It seems that as soon as a West Coast region falls under direct governmental control with us a process of petrification sets in, and a policy of international amiability and Reubenism, for which we have Scriptural authority to expect nothing but failure. It was of course necessary for our Government to take charge in West Africa when the partitioning of that continent took place; but I fail to admire those men who at the Council Board of Europe lost for England what had been won for her by better, braver men. Still it is no use, in these weird un-Shakespearian times, for any one to use strong language, so I'll turn to the consideration of the advance made in West Africa by France; for any one can understand how a woman must admire the deeds of brave men and the backing up of those deeds by a brave Government.

The earlier history of the French occupation of Africa is that of a series of commercial companies, who all came to a bad end. Of the Association of the Merchants of Dieppe and Rouen in the fourteenth century I have already spoken; and whatever may be the difficulty of proving its existence in 1364, there is, I believe, no one who doubts that it had an existence that terminated in 1664. The French authorities ascribe its fall to the wars in France that succeeded the death of Charles VI, 1392, and to the death of some of the principal merchants belonging to it; but "the greatest cause of all was that many who had gotten vast riches began to be ashamed of the name of traders, although to that they owed their fortunes, and allying with the nobility set up as quality," and neglected business in the usual way, when this happens. The most flourishing settlements went into decay, and were abandoned all save one, on the Isle of Sanaga, or what Labat calls the Niger, the river we now call the Senegal.[9]

This French settlement is to this day one of the main French ports in Africa, and it has remained in their possession, with the brief interval of falling into the hands of the English for a few months.

The company that took over the enterprise of this Rouen and Dieppe Association in 1664 was called the Compagnie des Indes Occidentales; it paid for the stock and rights of the previous association the sum of 150,000 livres, and it had tremendous ambitions, for not only did it buy up the West African enterprise, but also the rights of the lords proprietors in the isles of Martinique, Guadaloupe, St. Christopher, Santa Cruz, and Maria Galanta in the West Indies. This company came to a sad end when it had still thirty years of its charter to run; in 1673 it sold its remaining term of West African rights to a new company called d'Afrique for 7500 livres. Its West Indian possessions the king seized in 1674, and united them with the Crown.

Its successor, the Compagnie d'Afrique, started with its thirty years' charter, and all the great ambitions of its predecessor. The king gave it every assistance in the way of ships and troops to carry out its designs; and it availed itself of these, for finding its trade incommoded by the Dutch, who were then settled at Anguin and Goree in 1677, it got the king to remove the Dutch nuisance from Goree by an expedition under Count d'Estras, and in 1678, by an expedition of its own, under M. de Casse, it cleared the Dutch out of Anguin.
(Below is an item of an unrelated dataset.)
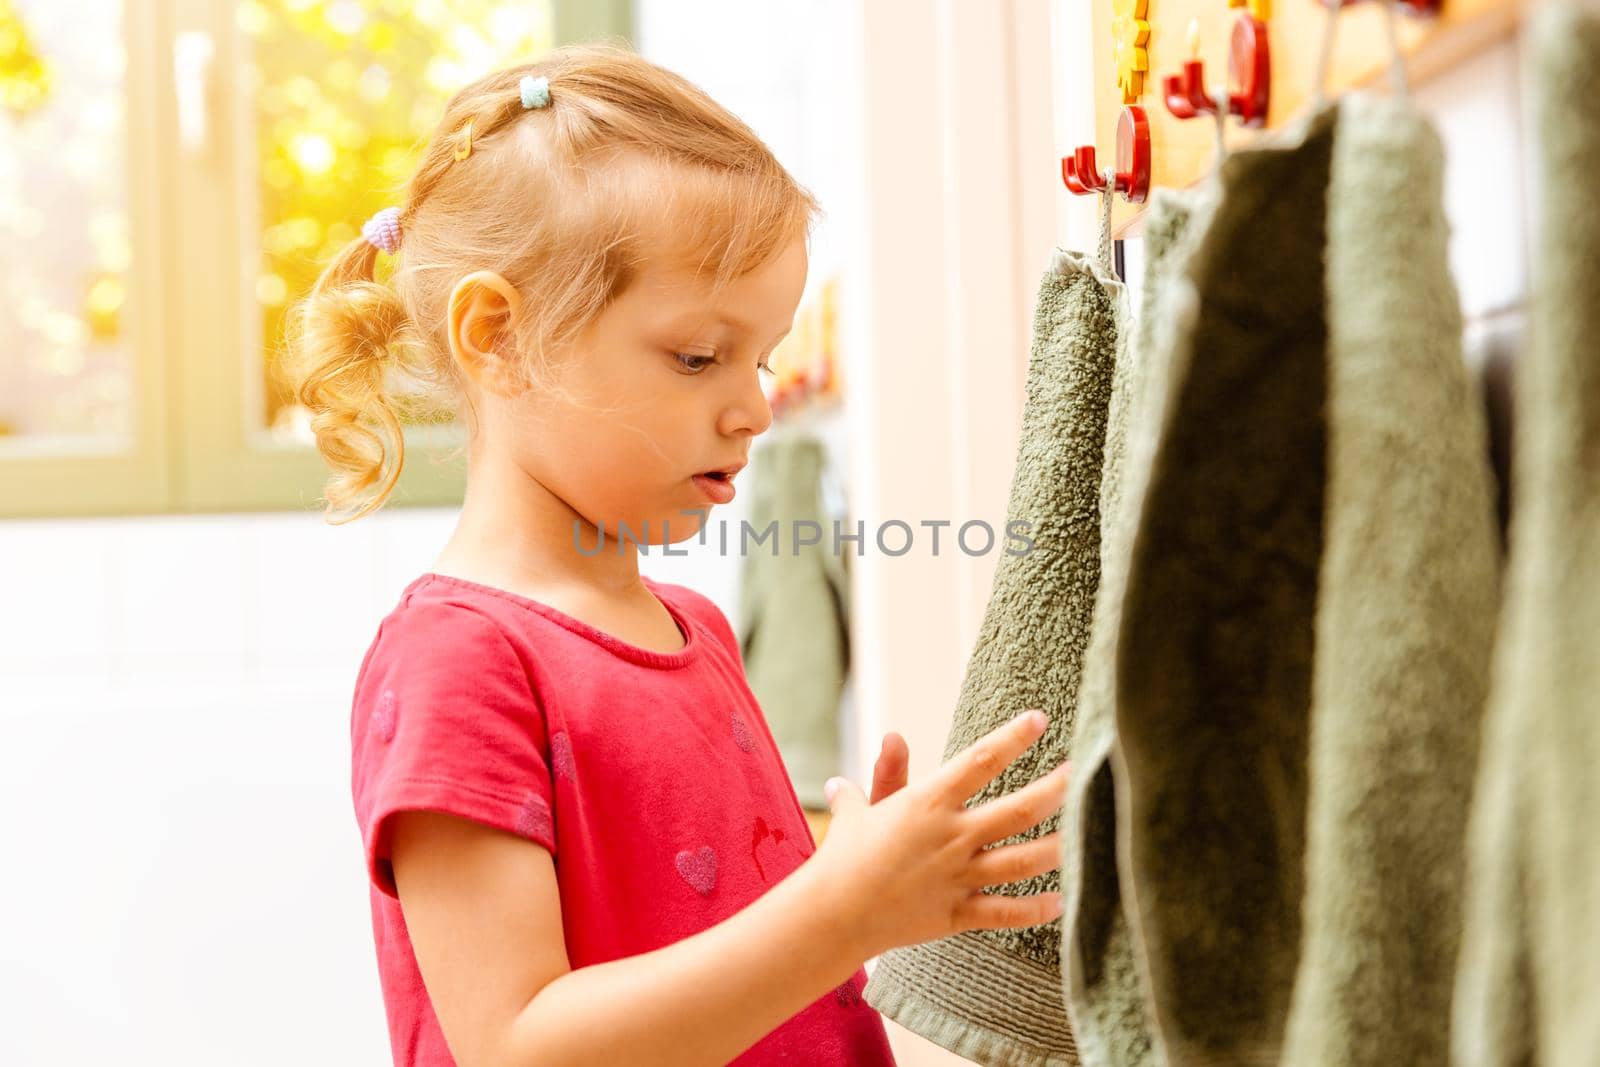 Little girl in nursery school using towel in bathroom drying her hands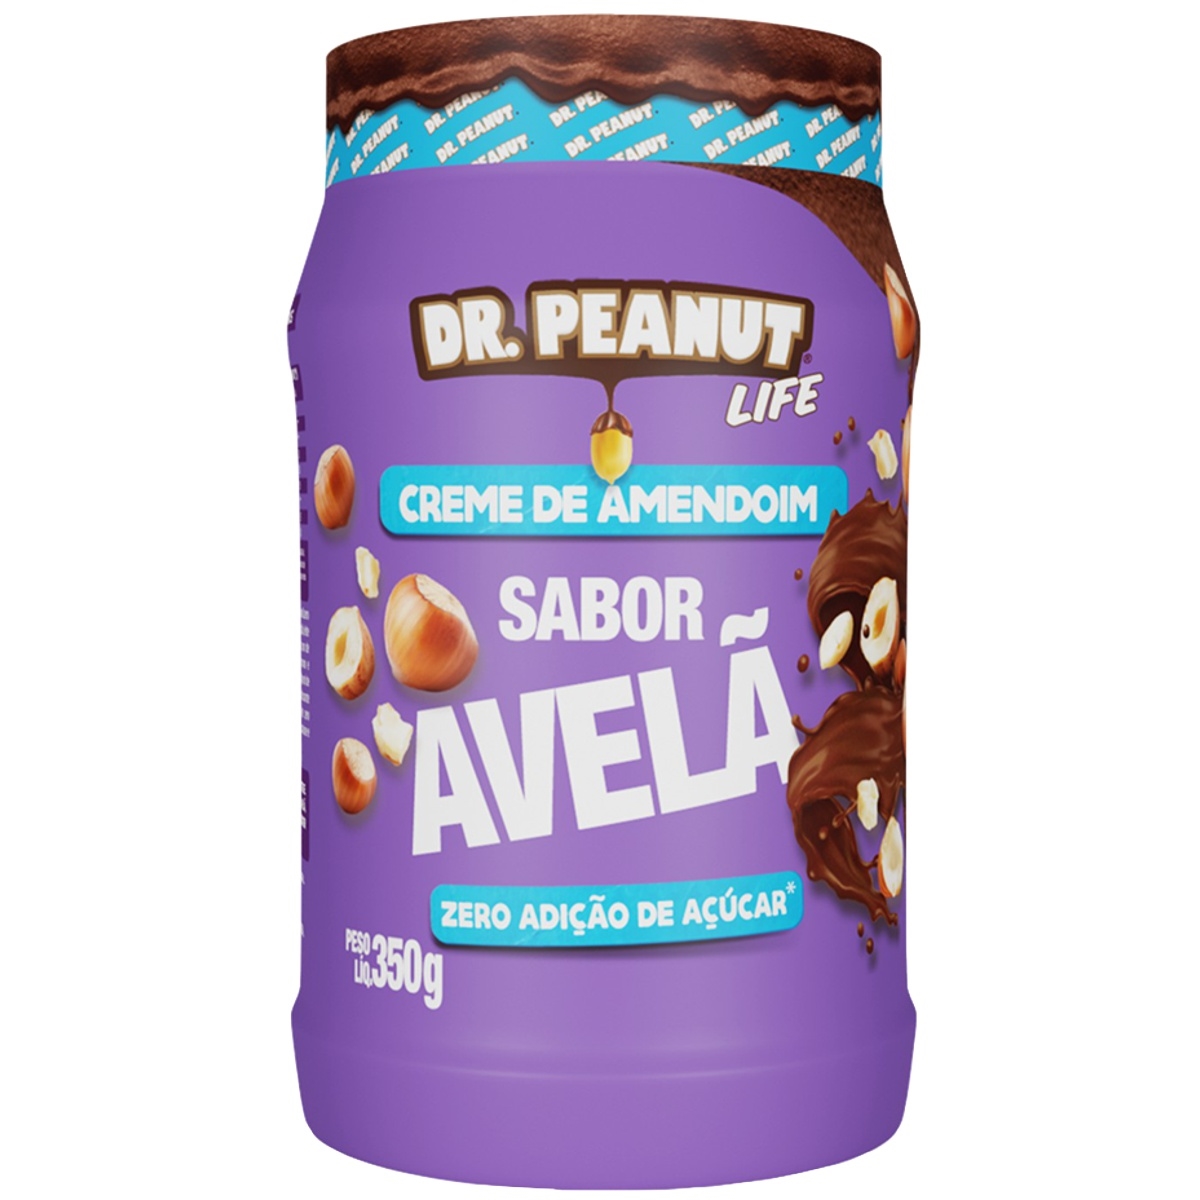 Dr Peanut - Pasta de Amendoim 350g - CREME DE AMENDOIM LIFE COM

This company also made many treaties with the native chiefs. In 1679, by means of treaty with the chiefs of Rio Fresco, nowadays barbarously spelt Rufisque, and Portadali, now Portindal, and Joal, whose name is still uninjured, it acquired rights over all the territory between Cape Verde and the Gambia;[10] an exclusion from there of all other traders, and an exemption from all customs; and in addition to these enterprises it entered into a contract with the King of France to provide him with 2,000 negroes per annum for his West Indian Islands, and as many more as he might require for use in the galleys. Shortly after this the Compagnie d'Afrique expired in bankruptcy, compounding with its creditors at the rate of 5s. in the £, which I presume was paid mainly out of the 1,010,000 livres for which it sold its claim to its successors. The successors were a little difficult to find at first, for there seems to have been what one might call distaste for West African commercial enterprise among the French public just then. However, a company was got together to buy up its rights, accept its responsibilities and carry on business in 1681.

In the matter of the company that succeeded the d'Afrique, confusion is added to catastrophe, owing to the then Minister of State, M. Seignelay, for some private end, having divided up the funds and created two separate companies,—one to have the trade from Cape Blanco and the Gambia—the Compagnie du Senegal; the other to hold the rest of the Guinea trade to the Cape of Good Hope, the Compagnie du Guinea. This arrangement, of course, left the Senegal Company with all the responsibility of the compagnie d'Afrique, and without sufficient funds to deal with them; and the Compagnie du Senegal complained, when, in 1694, it found its affairs in much confusion, throwing the blame on the Government; but, says Astley, "the great are seldom without excuses for what they do," and the division of the concession was persisted in, on the grounds that when the company that succeeded d'Afrique was intact it failed to fulfil the Government contract of sending 2,000 negroes annually to the West Indies; and also that it had not imported as much gold from Africa as it might have done. Against this the Directors remonstrated loudly, saying that, during the two years and a half during which they had been responsible for exporting negroes to the West Indies, they had supplied 4,560 negroes, that the register of the Mint proved they had sent home in three years 400 marks of gold, and that it had cost them 400,000 livres to re-establish the trade of the Compagnie d'Afrique, for which they had already paid more than it was worth. All they got by these complaints was an extension of their trade rights from Gambia to Sierra Leone and a confirmation of their monopoly in exporting negroes to the French West Indies, and of their rights to Anguin and Goree, that is to say, a promise of Government assistance if those Dutch should come and attempt to reinstate themselves to the incommodation of French commerce.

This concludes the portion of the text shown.